Sin embargo, también entre los soldados de los Tercios españoles había holandeses. No todos estaban con Guillermo de Orange o su sucesor Mauricio, en cuyo ejército fueron muy numerosos los mercenarios alemanes o franceses.

Por otro lado, entre los gobernantes y militares destinados en los inicios de aquella guerra, en tiempos de Felipe II, hubo buenos militares-estadistas que intentaron conseguir acuerdos, amansar las aguas y parar la sangría. Pero no fue posible. Hombres del rey cumplían su deber. Tras el duque de Alba algunos como Luis de Requesens, don Juan de Austria -el héroe de Lepanto, hermanastro de Felipe II, que allí murió- o Alejandro Farnesio, duque de Parma, e incluso la princesa Isabel Clara Eugenia y su marido el Archiduque Alberto tuvieron allí su particular calvario.

La bondad y la maldad no se quedó en un solo campo. Ni todos los holandeses eran calvinistas, ni los calvinistas fueron mejores en el trato a los católicos que estos respecto a aquellos. Tampoco los partidarios de la independencia fueron "mirlos blancos" por más que la propaganda fuera efectiva.

Todo fue cuesta arriba desde que estallara definitivamente la guerra que hacía tiempo se venía incubando; un hecho que sucedió en la primavera de 1568. Para la Monarquía Hispánica llevar tropas se convirtió en un suplicio. Por mar era lento, peligroso y costoso.

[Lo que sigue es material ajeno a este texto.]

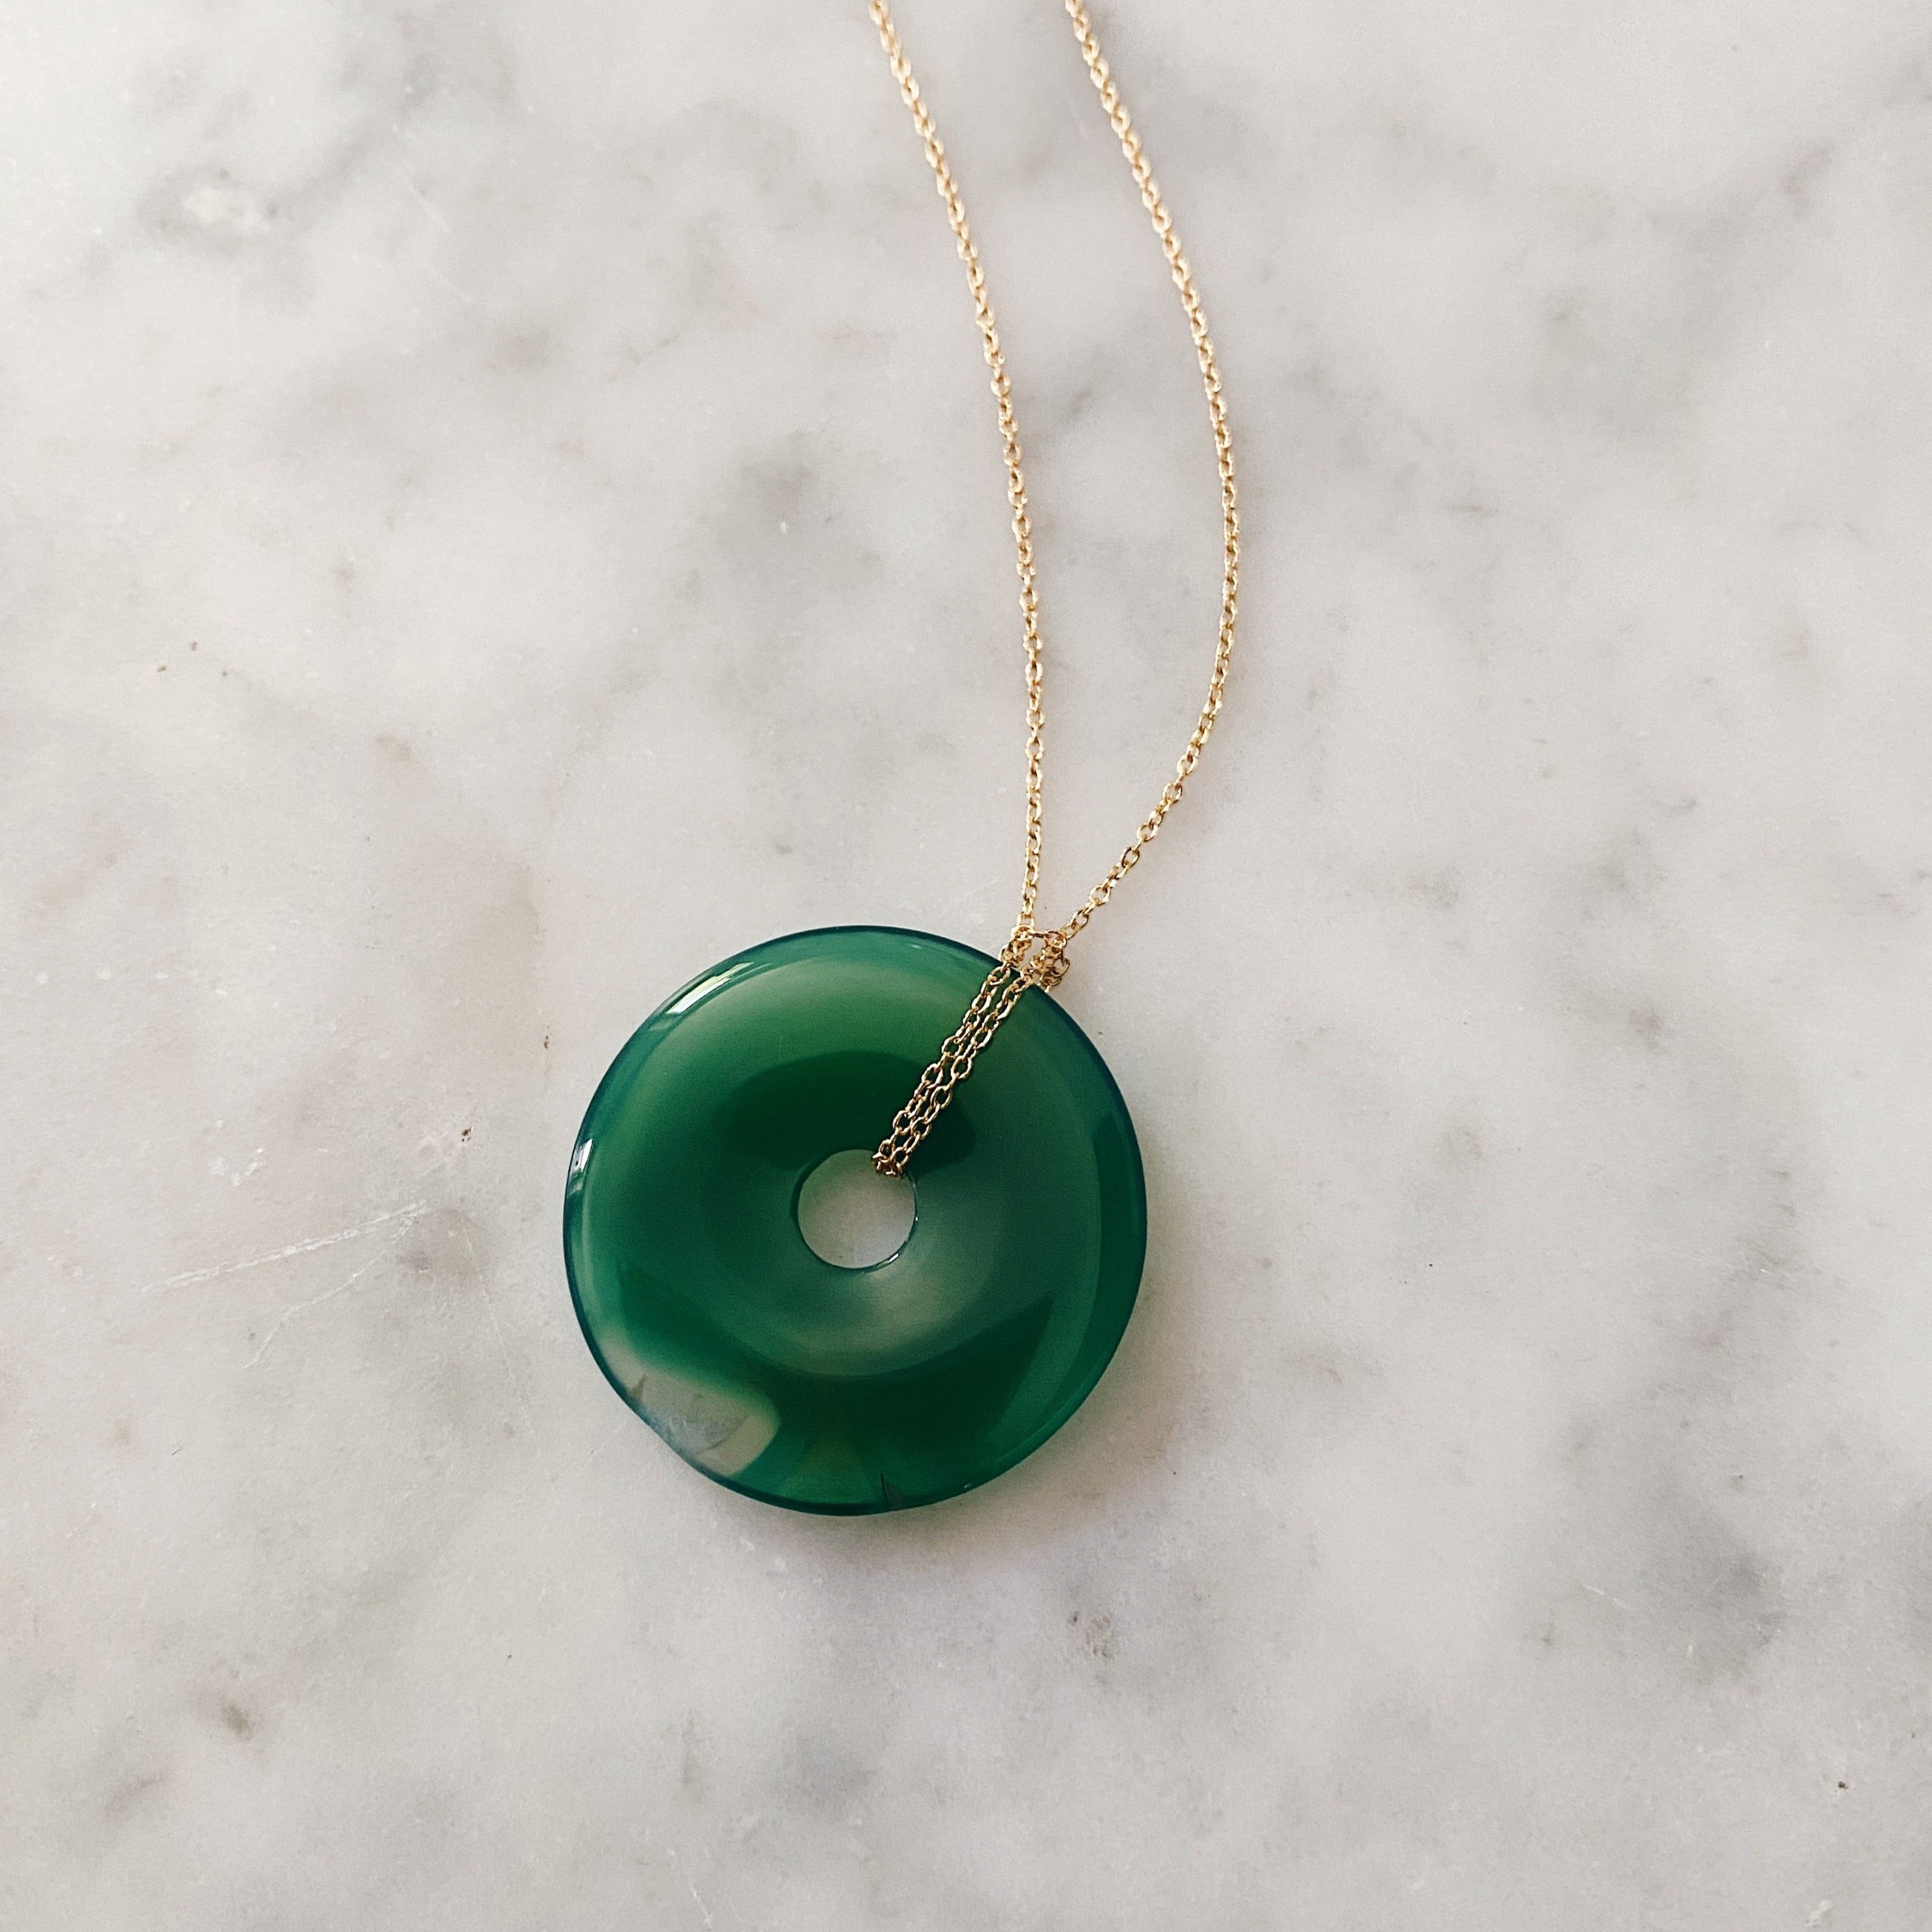 Beignet Necklace - Green Agate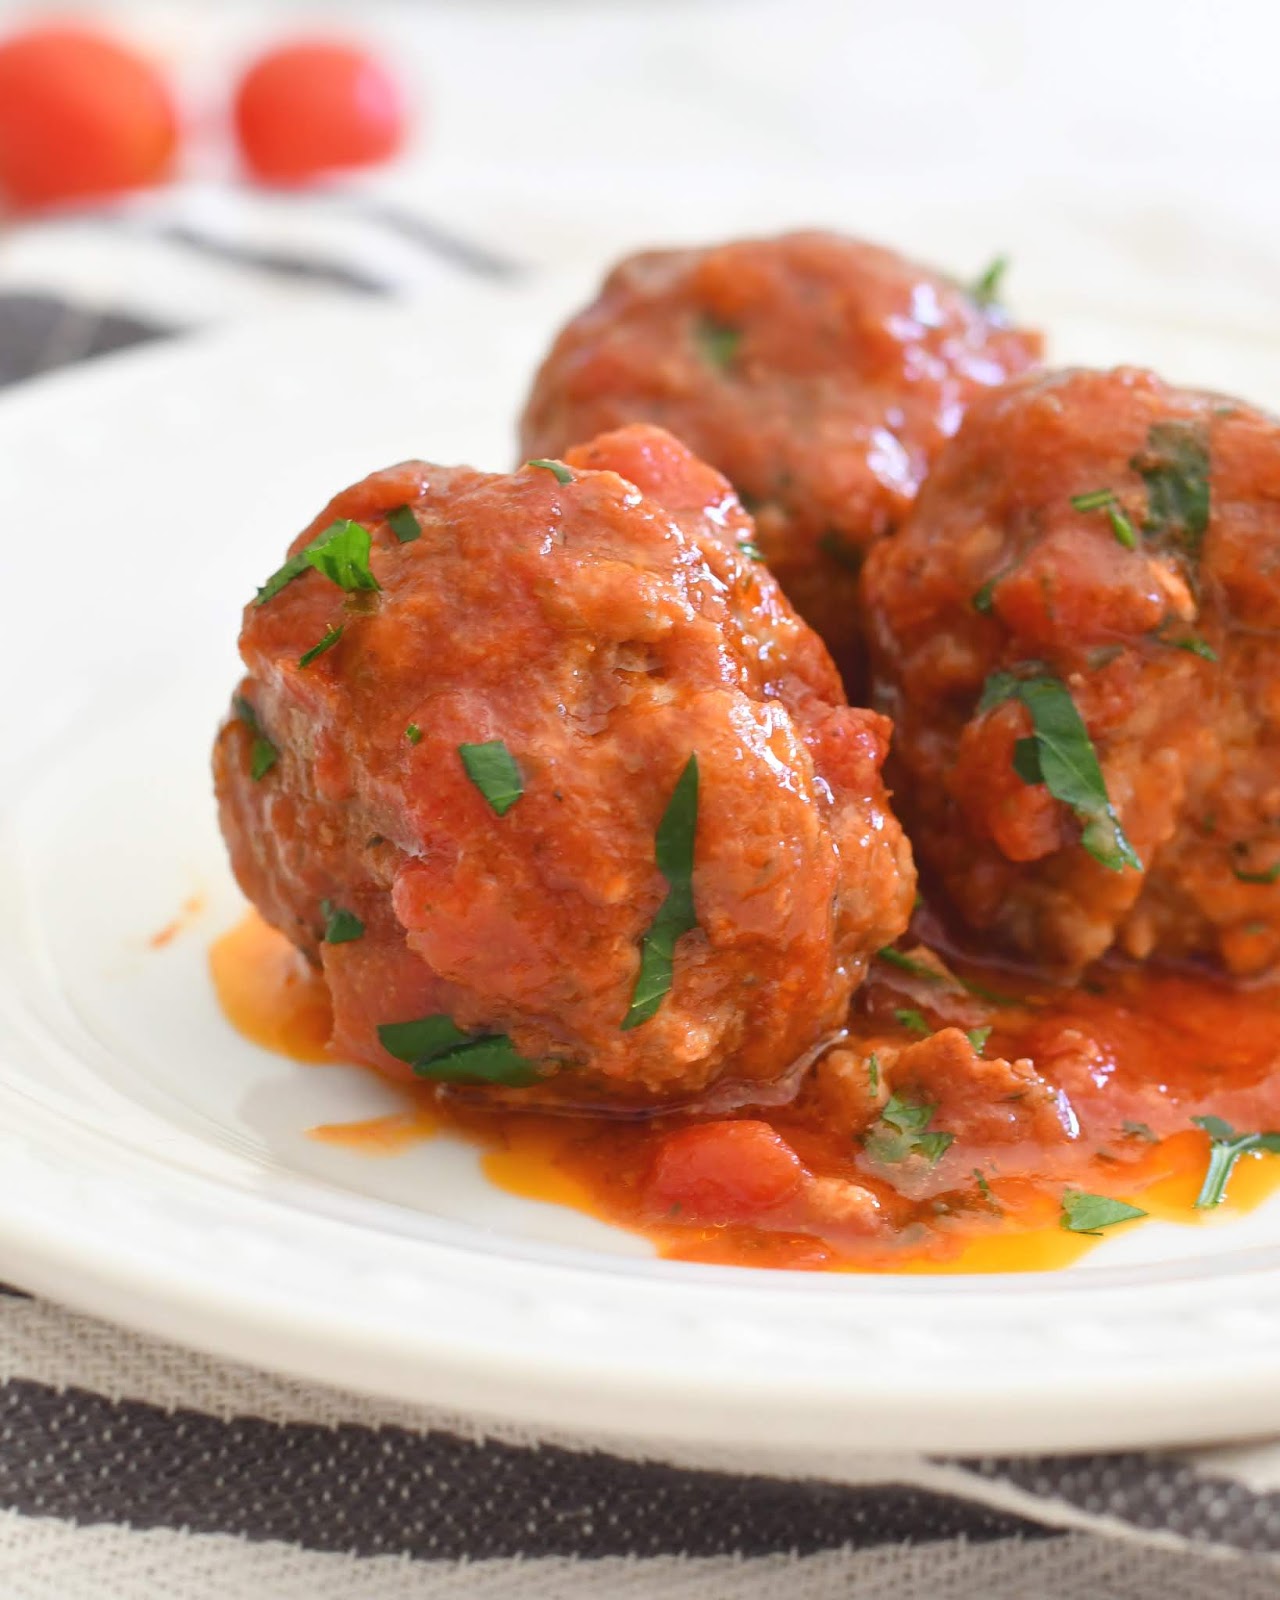 Cooking with Manuela: Italian Meatballs in Tomato Sauce - Polpette al Sugo

Por tierra, desde el Milanesado español en Italia, atravesando el Franco Condado, en lo que se conoció como "el camino español", una ruta de más de 1.000 km, Alpes incluidos, era impracticable en invierno. Todo hizo muy difícil "poner una pica en Flandes".

En los ochenta años que siguieron a 1568 hubo una tregua de doce años, a principios del XVII, durante el reinado de Felipe III, y luego una agudización de conflictos y guerras en Europa, inmersa en la Guerra de los Treinta Años (1618-1648). La Monarquía de Felipe IV, acosada también en el interior por el levantamiento de catalanes y portugueses desde 1640, su "annus terribilis", no pudo aguantar. En 1648, en el Tratado de Münster (Paz de Westfalia), la corona española reconoció la independencia de la República de las (siete) Provincias Unidas del norte, que en el XIX pasó a llamarse Reino de los Países Bajos (Holanda).

Ahora que Europa recuerda el centenario del armisticio de la Primera Guerra Mundial y clama contra las divisiones y los nacionalismos excluyentes y disgregadores amparados siempre en la tergiversación interesada de la Historia, bien está que empiece a cuestionarse una leyenda negra mucho menos negra de lo que la pintaron.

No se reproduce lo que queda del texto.